WEST PLAINS, Mo. -- A Carter County jury heard emotional testimony and viewed crime scene and autopsy photographs Tuesday, the second day of a murder trial in the case of a man charged with killing a Missouri State Highway Patrol officer.
Lance Shockley, 32, of Van Buren, Mo., is accused of gunning down Sgt. Carl Dewayne Graham Jr. in his driveway March 20, 2005, after he came home from work.
Shockley is standing trial on charges of first-degree murder and armed criminal action in connection with Graham's death, and a felony charge of leaving the scene of an accident. The trial was moved to Howell County from Carter County, where Shockley and Graham both lived. Shockley could face the death penalty if convicted.
The state has alleged Shockley's motive for killing Graham stemmed from a Nov. 26, 2004, fatal crash that left Jeffrey R. Bayless dead and in which Shockley allegedly fled the scene. Graham was the investigating officer.
The state's first witness Tuesday was Judy Hogan, a woman whose husband owned a nearby business. She told jurors how she found Graham's body lying face up beside his patrol car, which was backed into his driveway. One of the doors, she said, was open.
"I walked over to him to see if he was still alive," she said. He wasn't.
Not wanting to leave Graham, she said, she called her husband, whose shop was about 200 yards down a private lane from Graham's house.
"I told him the trooper had been shot, he was dead and he needed to call for help," Hogan said.
Trooper Artie Trobeck testified that when he was first contacted by Troop G Headquarters at 5:18 p.m., he only knew shots had been fired north of his location on Route M. As he headed north on Route M, he contacted Troop G, asking for a specific location. Trobeck said he was told the shots fired were at Graham's residence.
Trobeck said he initially thought a hunter "stumbled onto Dewayne's property, not that Dewayne had been shot."
When he arrived at 5:24 p.m., Trobeck, who was emotional on the stand at times, said he found Graham "had been shot in the face. I could tell it was a shotgun blast to the forehead/face."
Thinking Graham's shotgun may have accidentally discharged, Trobeck said, he checked and found it to be untouched in his patrol car.
Trobeck said he notified emergency medical service personnel and his supervisor, then Cpl. Craig Ponder.
Dr. Michael Zaricor, pathologist at Mineral Area Regional Medical Center in Farmington, Mo., walked the jury through his autopsy on Graham and his findings.
Shotgun pellets penetrated the left side of Graham's face and his left shoulder through his uniform, Zaricor said. The shotgun blast was fired "almost horizontal" to Graham's body, he said.
It wasn't until Zaricor undressed Graham that he found a pinpoint hole in the back of his shirt.
The hole, he said, was caused by a bullet that penetrated Graham's bulletproof vest, spiraled and left a "big hole" as it exited the vest and entered Graham.
That bullet, Zaricor said, transected Graham's spinal cord, paralyzing him. Graham, he said, also suffered a fractured skull from falling backward after he was shot.

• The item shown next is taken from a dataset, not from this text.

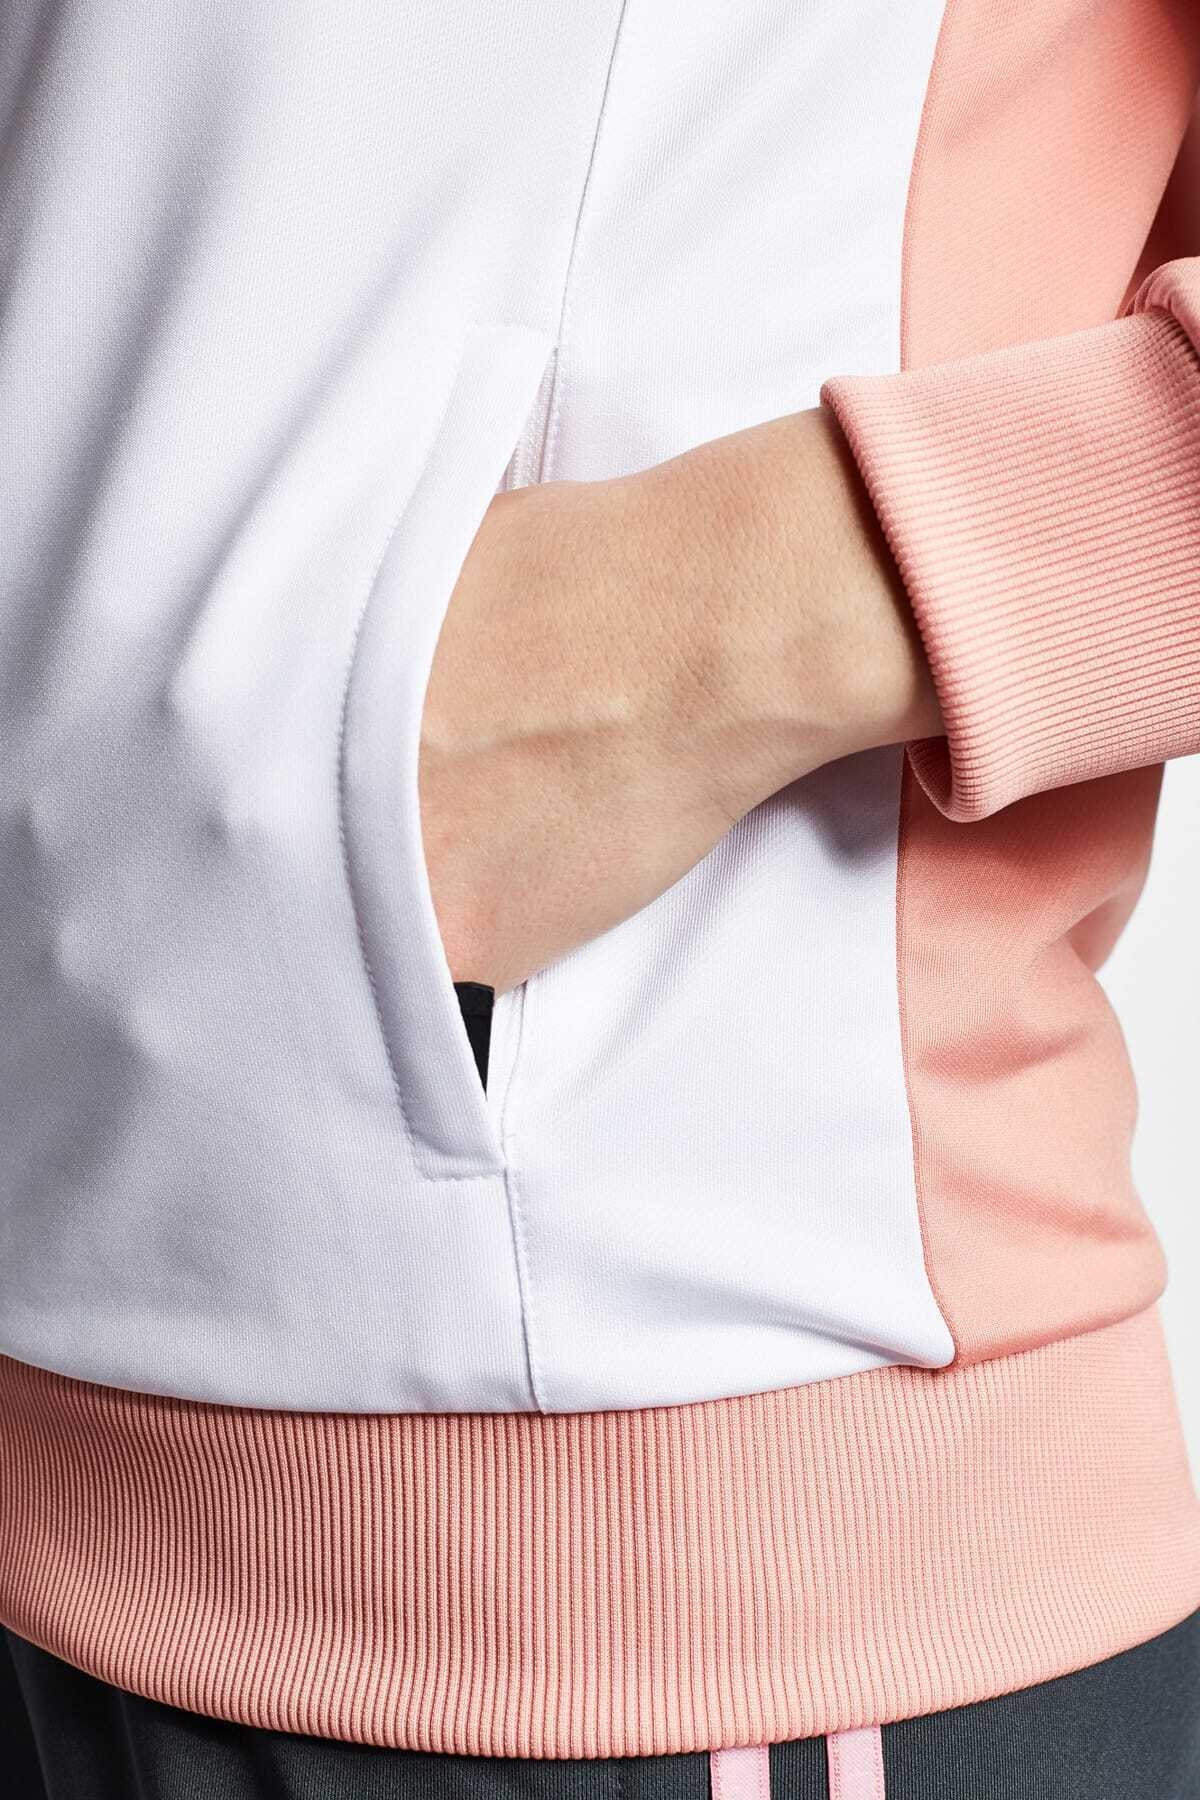 Lescon Kadın Sweatshirt - 0 19b-2131 - 19btbs002131-pub 2
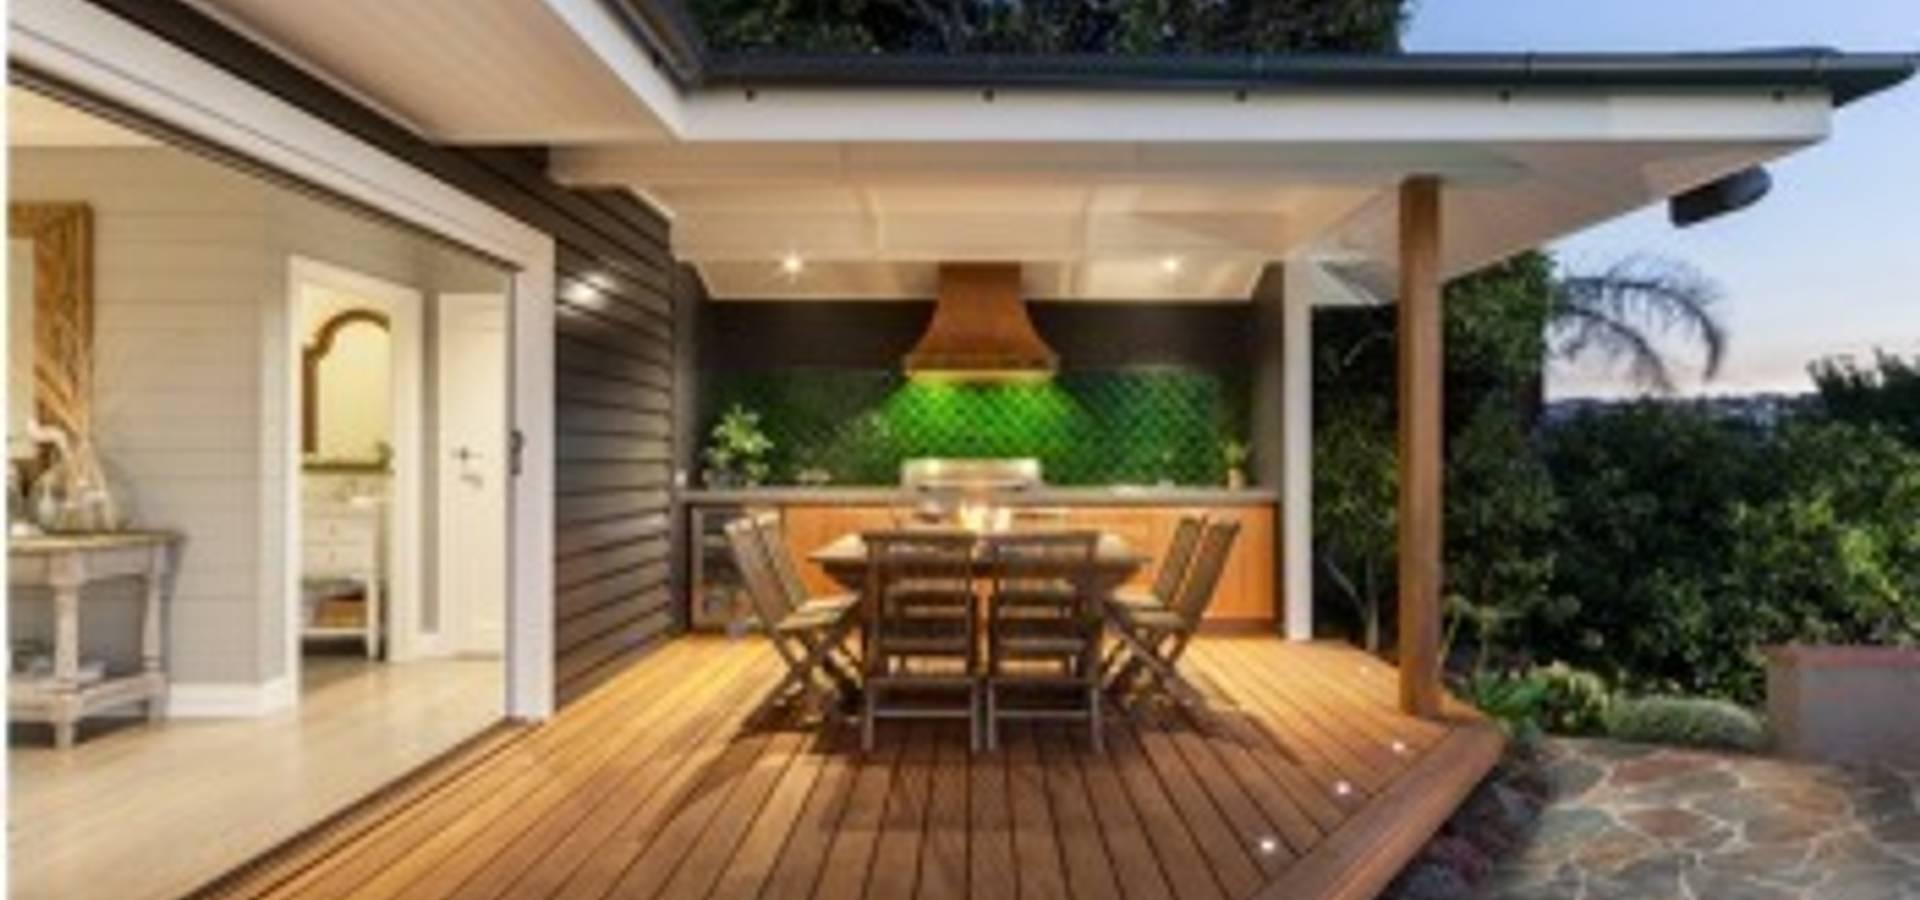 дизайн закрытого крыльца частного дома фото современных дворов #9

Several criminal investigators with the highway patrol's Division of Drug and Crime Control also walked the jury through the scene at Graham's house, as well as the evidence seized there and at Shockley's residence.
Ralph Shockley, uncle of Lance Shockley, told the jury his nephew's wife, Coree Shockley, brought him a box of .243-caliber ammunition on the evening of March 20, 2005, saying "Lance said you would know what to do with this."
Ballistics tests reportedly indicate the bullet retrieved from Graham's body may have been fired by a .243-caliber rifle. The state alleges Lance Shockley owned one, but it was not found when officers searched his residence and property.